In 1959 Genevieve and Bill Gore found a factory in the basement of their house in Newark, Delaware. Bill had quitted to work on a new project, following his studies on syntetic polymer PTFE, that was supposed to have a great potential. Ten years later, in 1969, his son Robert made an even more crucial discovery: by expanding PTFE he obtained Expanded PTFE, a porous material that was extremely tough and open to several possibilities. The GORE-TEX membrane contains 1,4 billions of pores per centimeter square: each of them is 20,000 times smaller than a water drop. Such characteristic makes the membrane waterproof, avoiding the passage of rain and snow. But it’s not over, because the other GORE-TEX remarkable feature is the combination of breathable and windproof properties. Whether it’s about cycling downhill on a mountain bike or a fast run, the freezing effect of wind is shielded all the time.

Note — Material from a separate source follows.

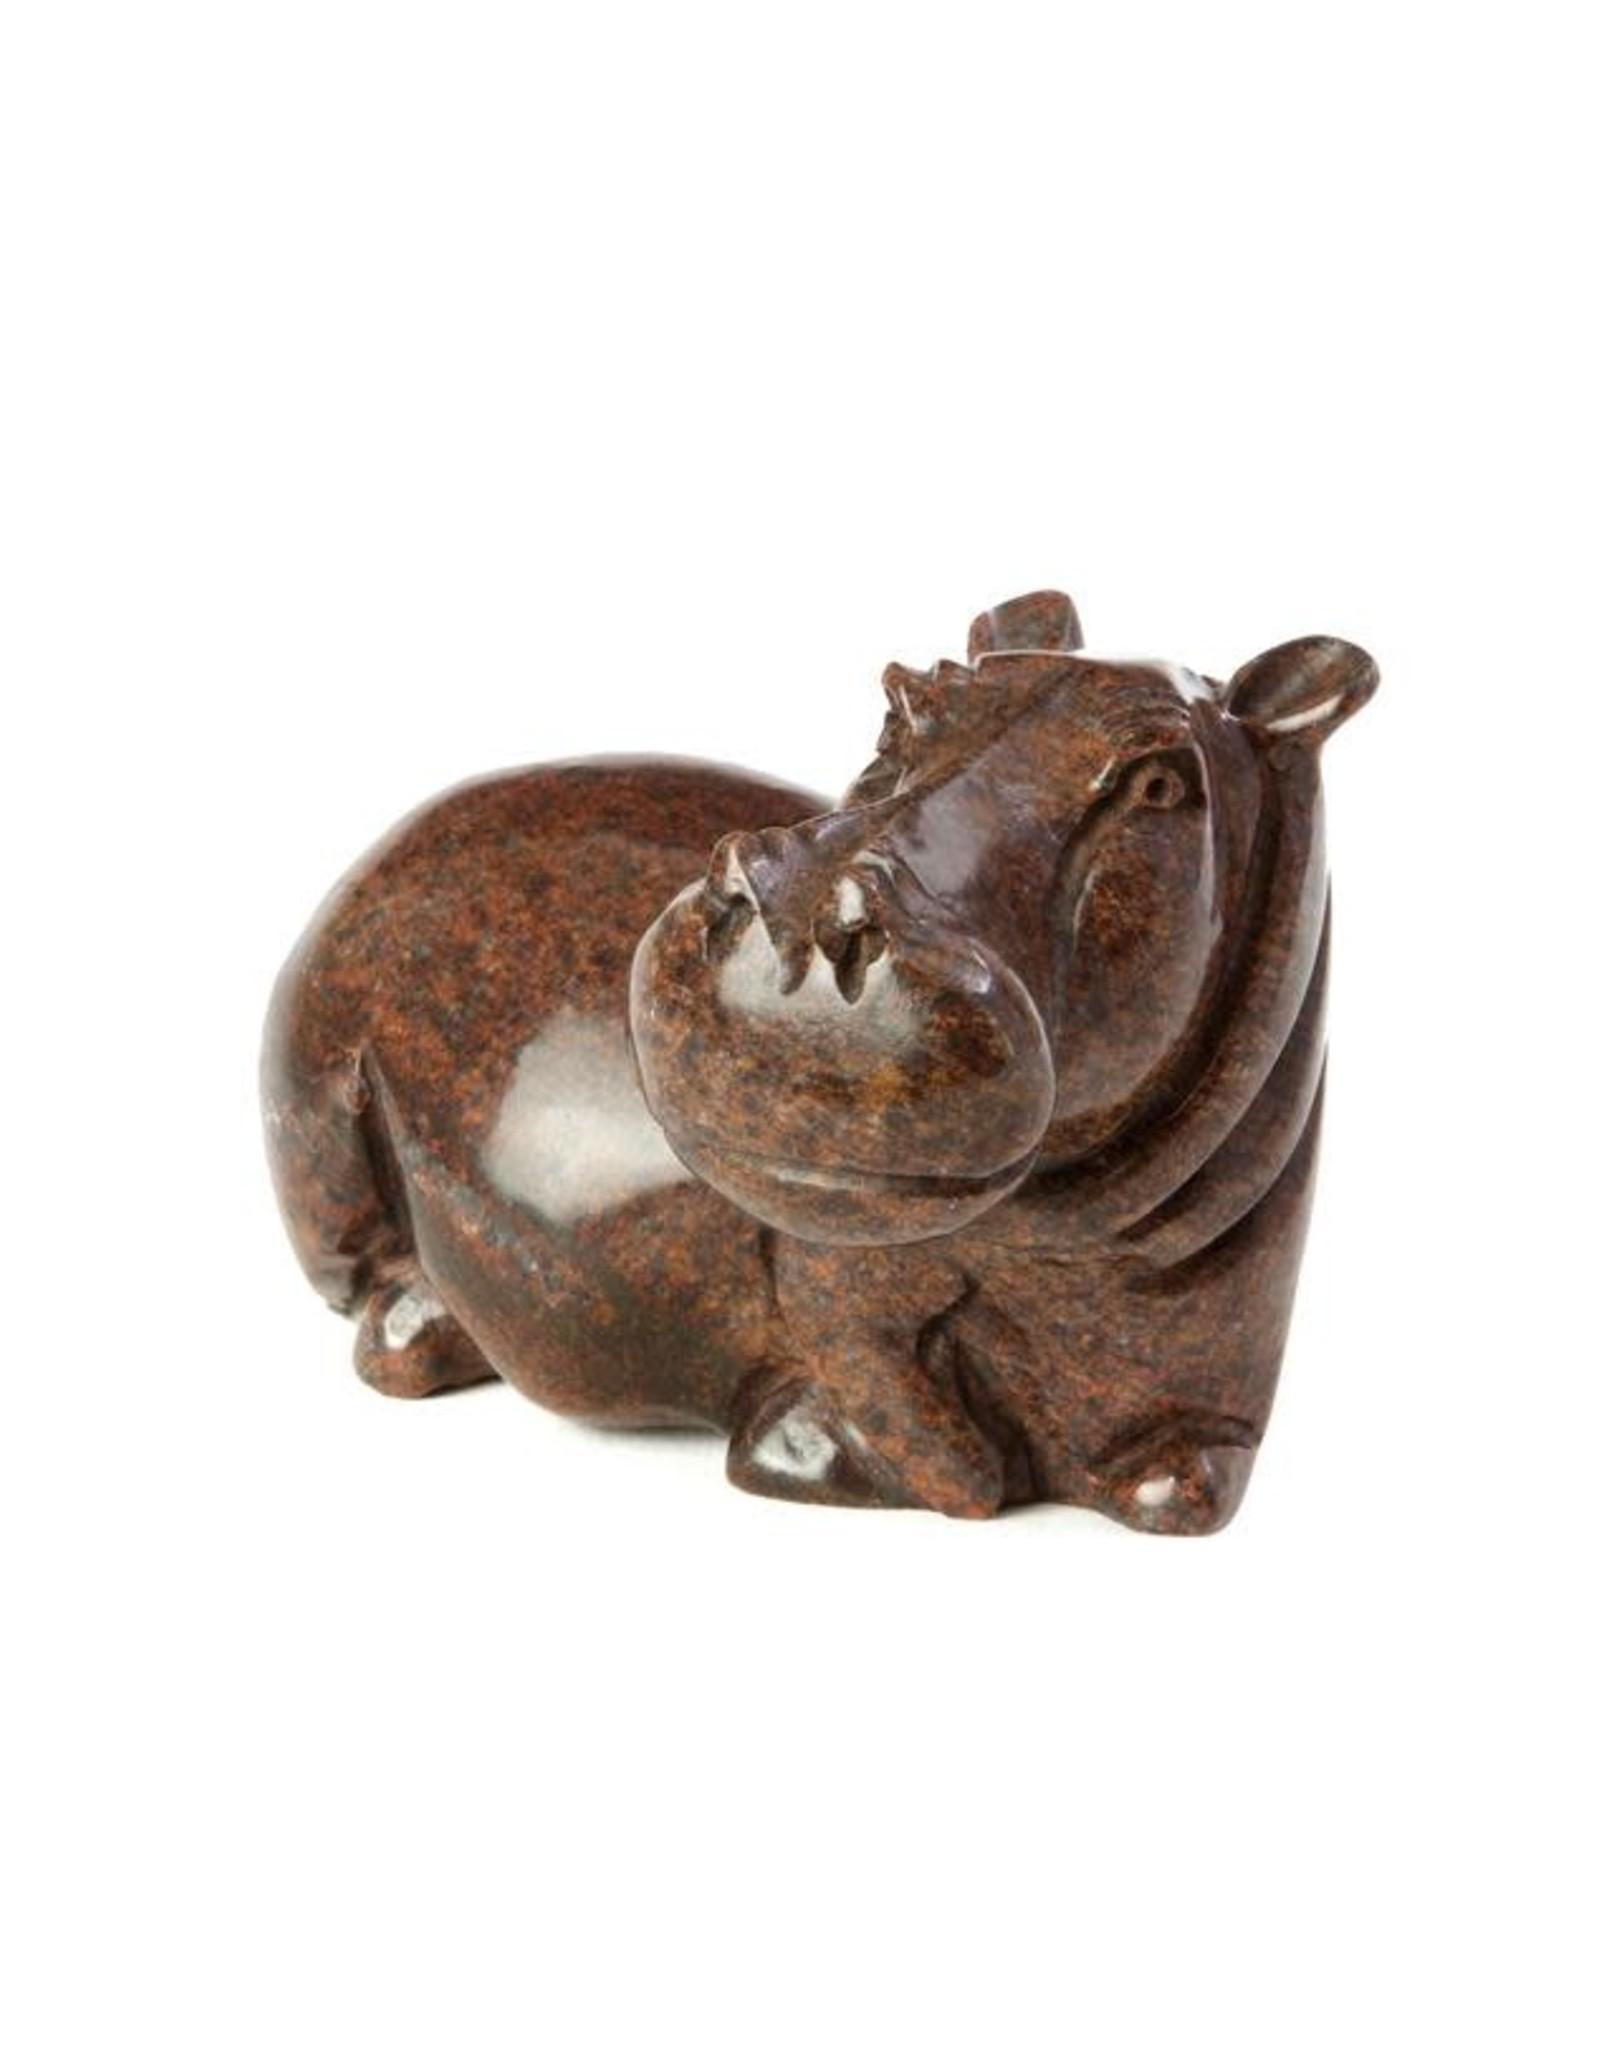 Swahili Wholesale Serpentine Hippo Sculpture, Zimbabwe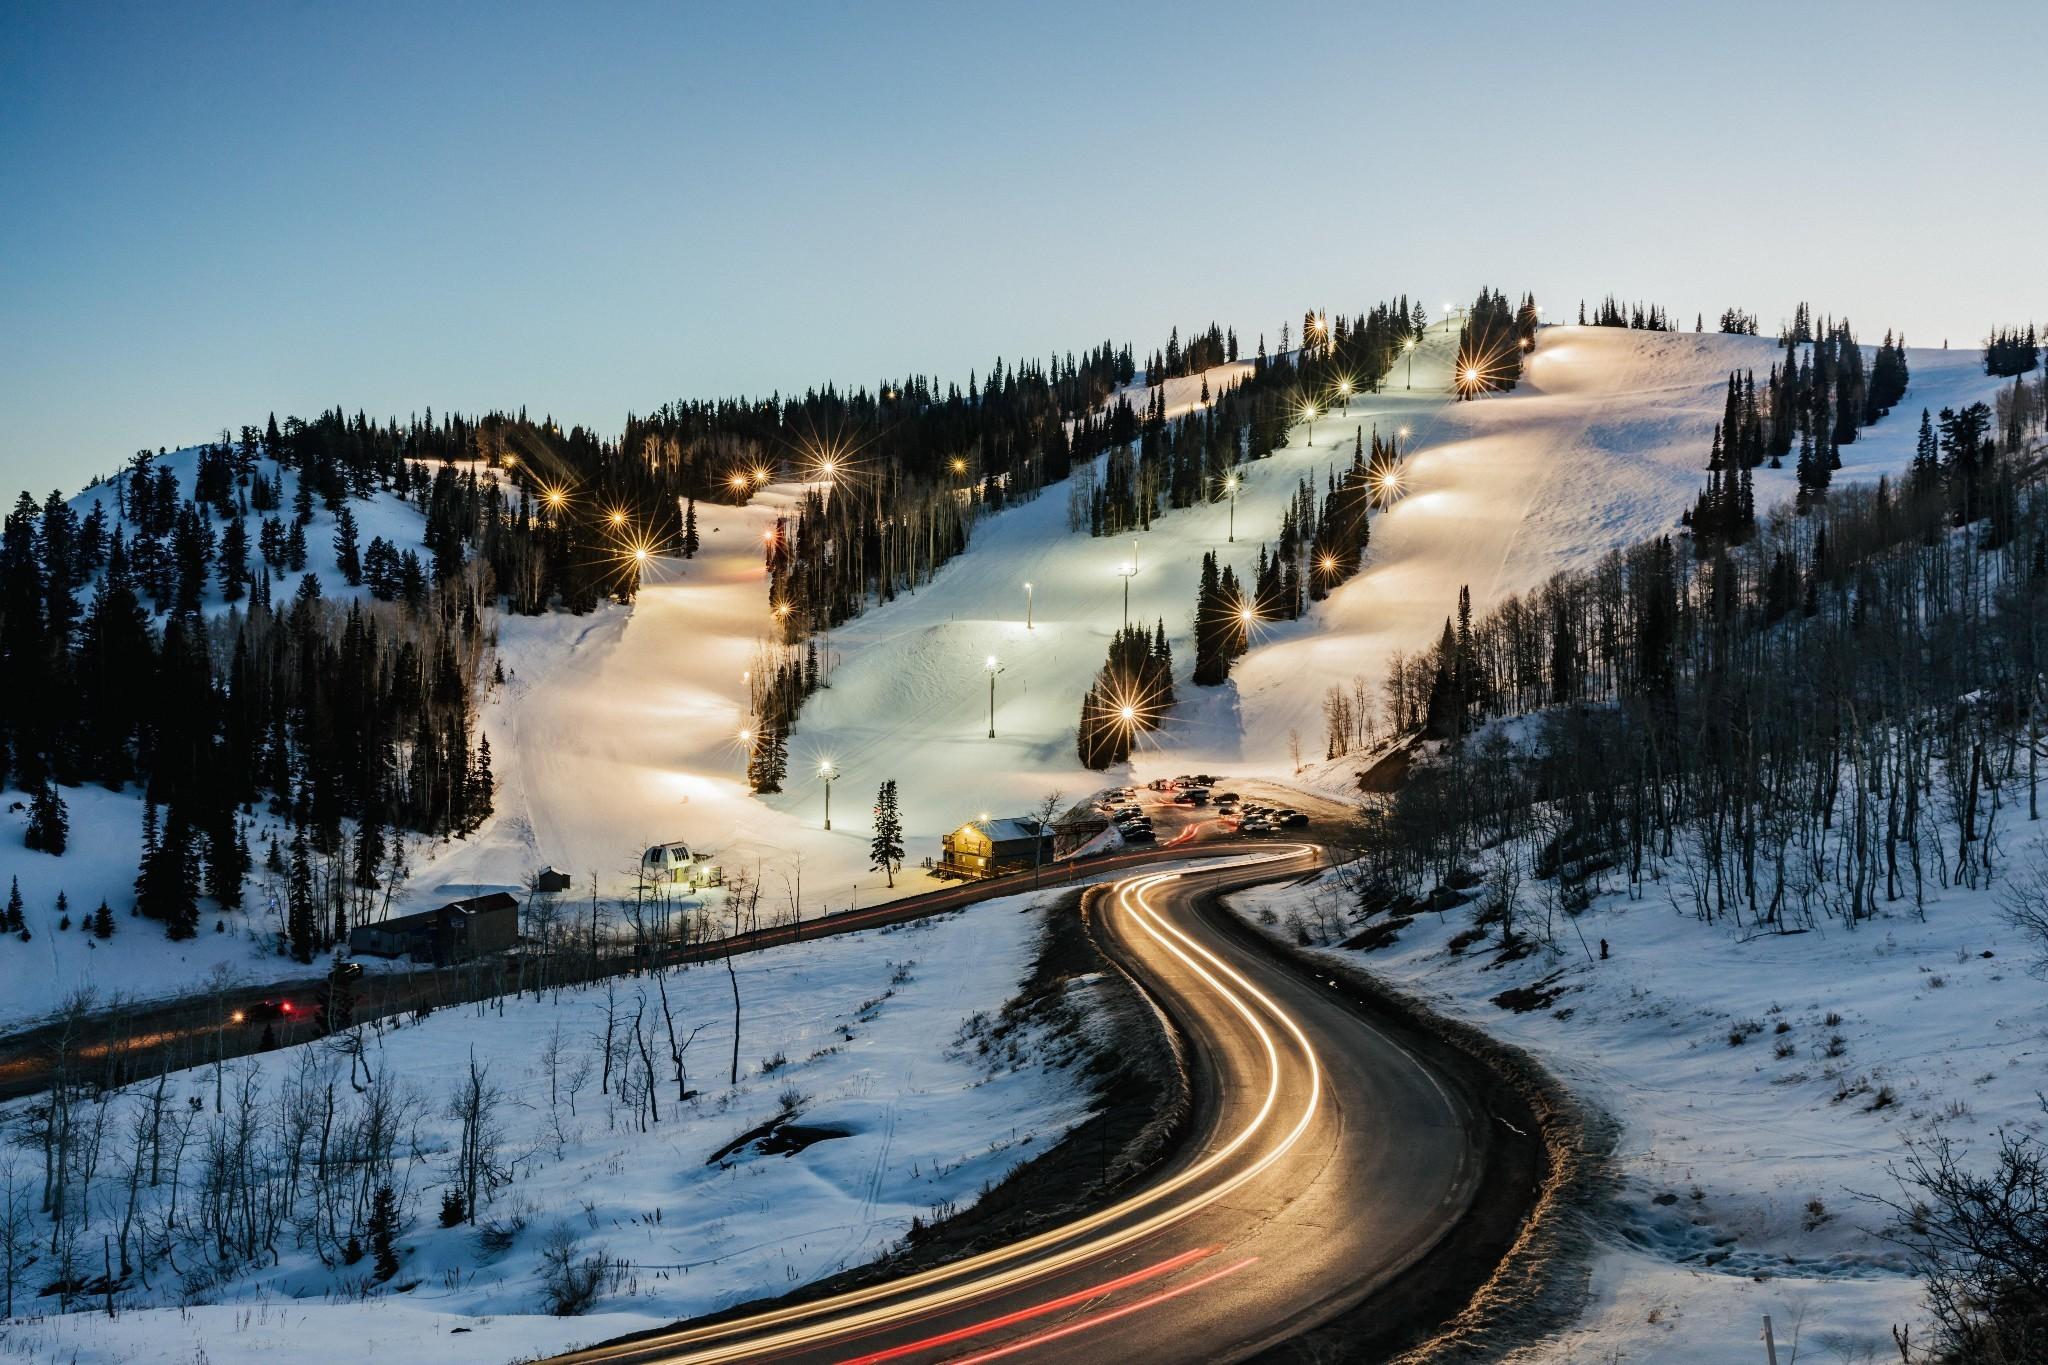 Welcome to Powder Mountain – a utopian club for the millennial elite

Patented on April 27, 1976, GORE-TEX yielded Robert and Wilbert Gore the introduction to the National Inventors Hall of Fame in 2006: taking advantage on its natural receptiveness to whatever’s avant-garde, FILA started to launch items made with the same material at the beginning of the Eighties. They were a successful, proud fusion of natural and synthetic fibers, a personal habitat in which every single human being was able to find the perfect conditions to live nature in the best way, starting from the mountain dimension. Yes, because the very first remarkable FILA pieces in GORE-TEX were filled jackets: constantly marked by water drops on catalogs, they were the proof that their interior parts were a safe shelter, an architecture guaranteeing the best conditions to conciliate the body and the landscape as well. Down the hills, the same material marked the brand’s sailing collections, enriching the imaginary of the Biellese company. In the photo shootings water splashes slide on fabrics in a harmonic way, shaping the silhouette of a modern, brave being, who cannot renounce style even in presence of harsh weather conditions.